[FOM] Godel's Theorems

Timothy Bays timothy.bays.5 at nd.edu
Thu May 1 11:15:58 EDT 2003


Harvey,

FWIW, I take it that the answers to 1 and 4 are pretty obviously "yes." 
  I would guess that anyone who says "no" does so for the reasons hinted 
at in your 2---i.e., they don't like to equate the intuitive notion 
"true" with any of the formal definitions mathematicians use to specify 
this notion.

Best -- Tim

On Tuesday, April 29, 2003, at 08:55  PM, Harvey Friedman wrote:

> I looked at
>
> On Floyd and Putnam on Wittgenstein on Godel,  
> http://www.nd.edu/~tbays/papers/
>
> and
>
> http://staff.washington.edu/dalexand/Putnam%20Readings/Notorious.pdf
>
> I have some specific questions. Let PA be the usual Peano Arithmetic.
> Consider the claim
>
> *) there is a true sentence in the language of PA which is not 
> provable in PA.
>
> 1. Conventional wisdom is that this is now a fully established
> theorem of mathematics (or ordinary mathematics as currently
> practiced by the overwhelming majority of mathematicians).
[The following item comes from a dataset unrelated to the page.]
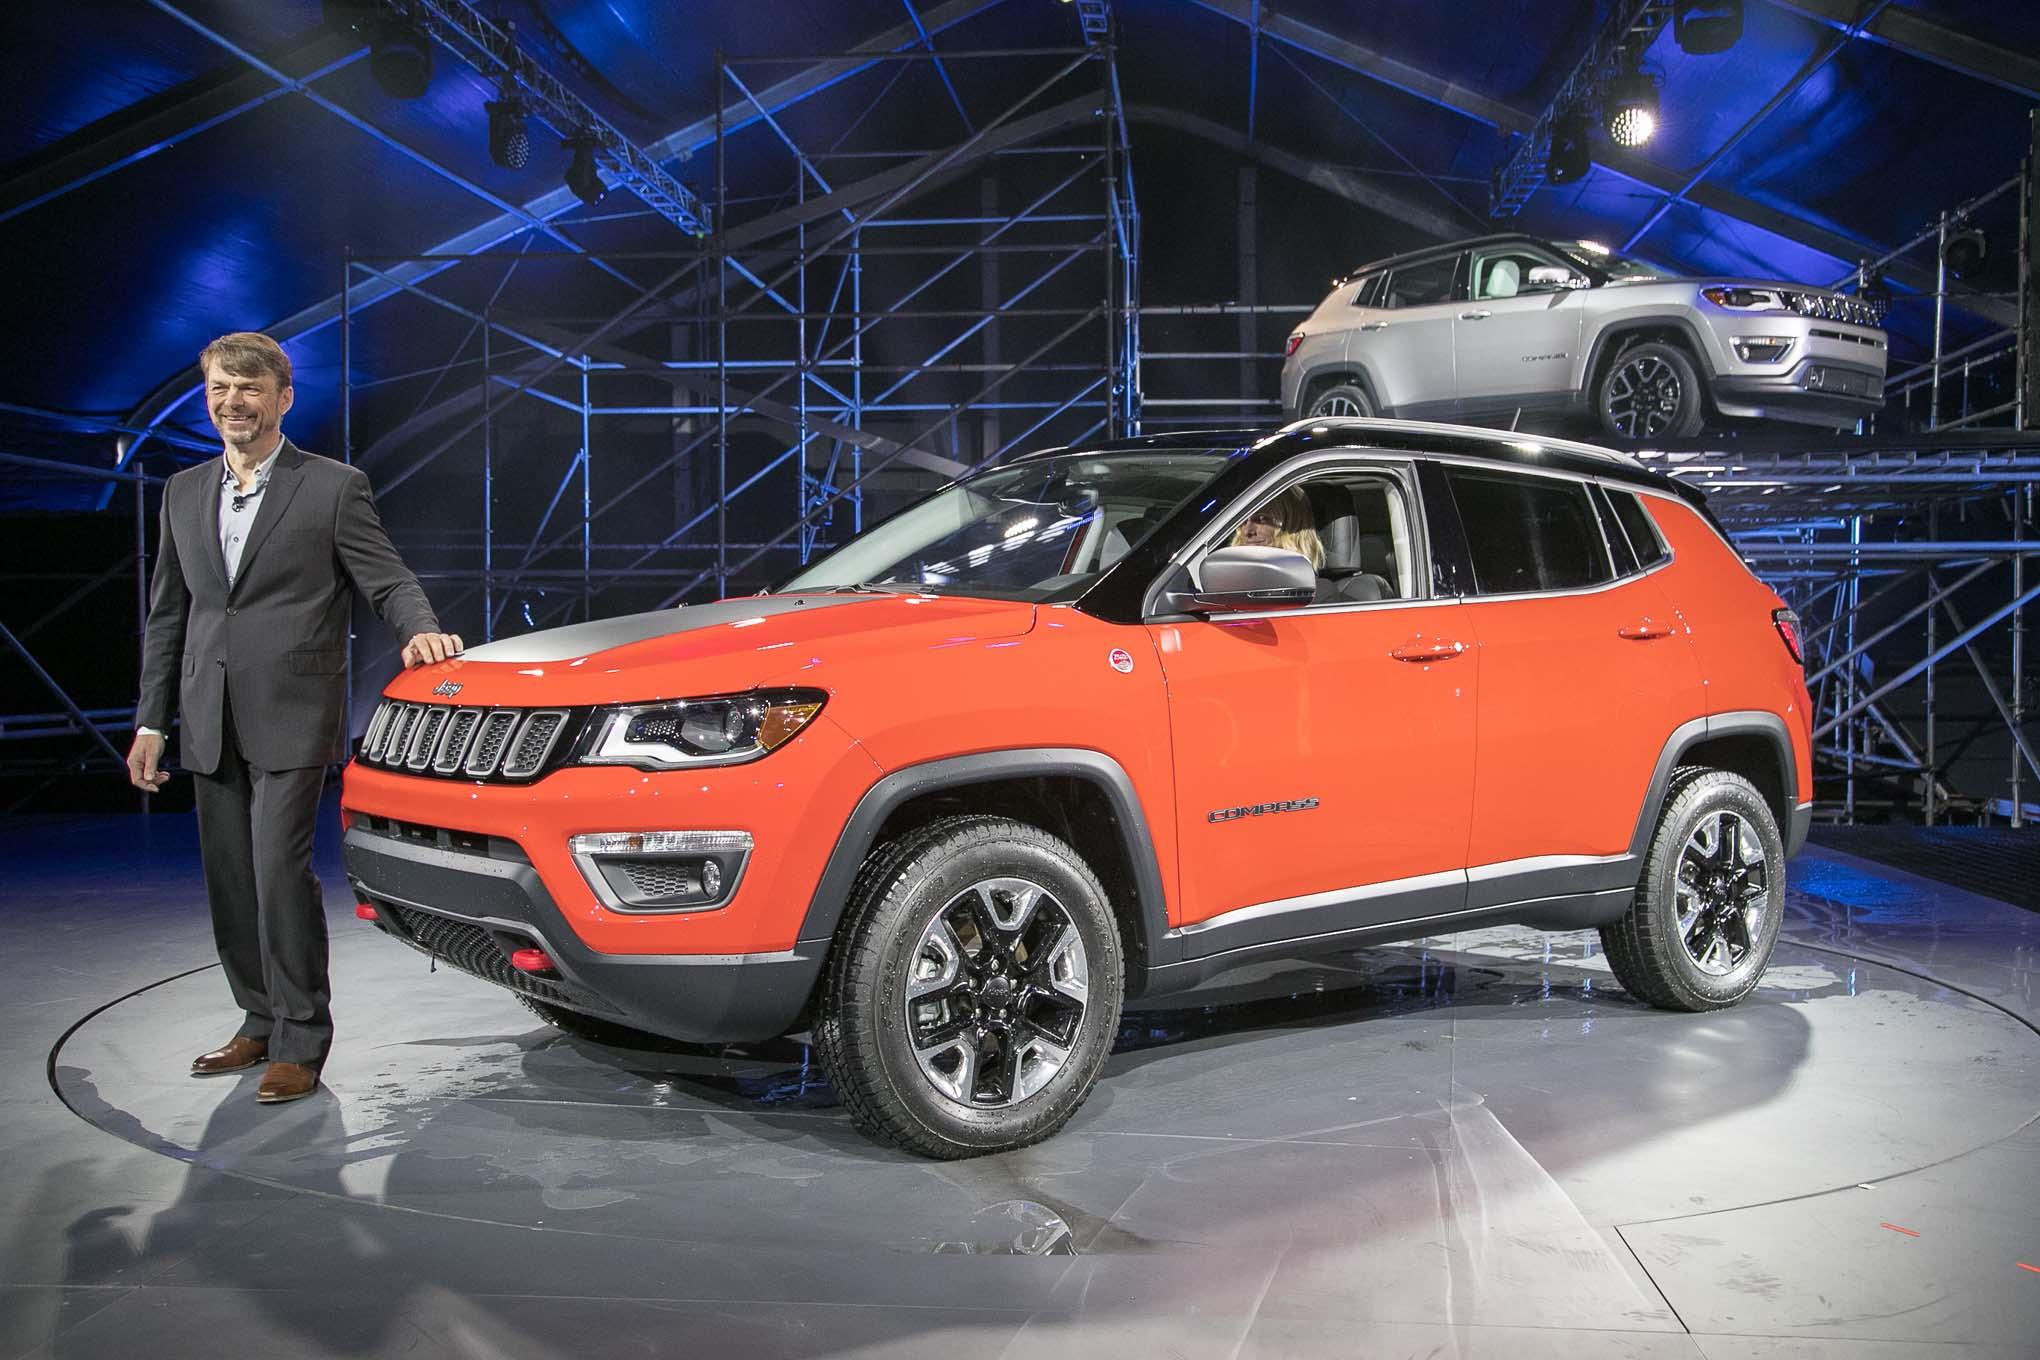 2017 Jeep Compass Trailhawk Front Three Quarter 02 1

Is there
> agreement on this?
>
> 2. For those who do not agree, do they believe that *) is not a
> mathematical statement capable of mathematical proof? E.g., this
> could be on the grounds that they do not accept the usual
> mathematical definition of "true sentence in the language of PA".
>
> 3. For those who believe that *) is a mathematical statement capable
> of mathematical proof, but do not agree with 1. Do you see a flawed
> step in the mathematical proof of *)? E.g., that it uses some
> questionable inductions and/or definitions by recursion.
>
> On a related but separate, matter,
>
> 4. Conventional wisdom is that the establishing of *) would be a very
> major event in philosophy of mathematics and/or foundations of
> mathematics. Do you agree with this?
>
> 5. For those who do not agree with 4, please elaborate.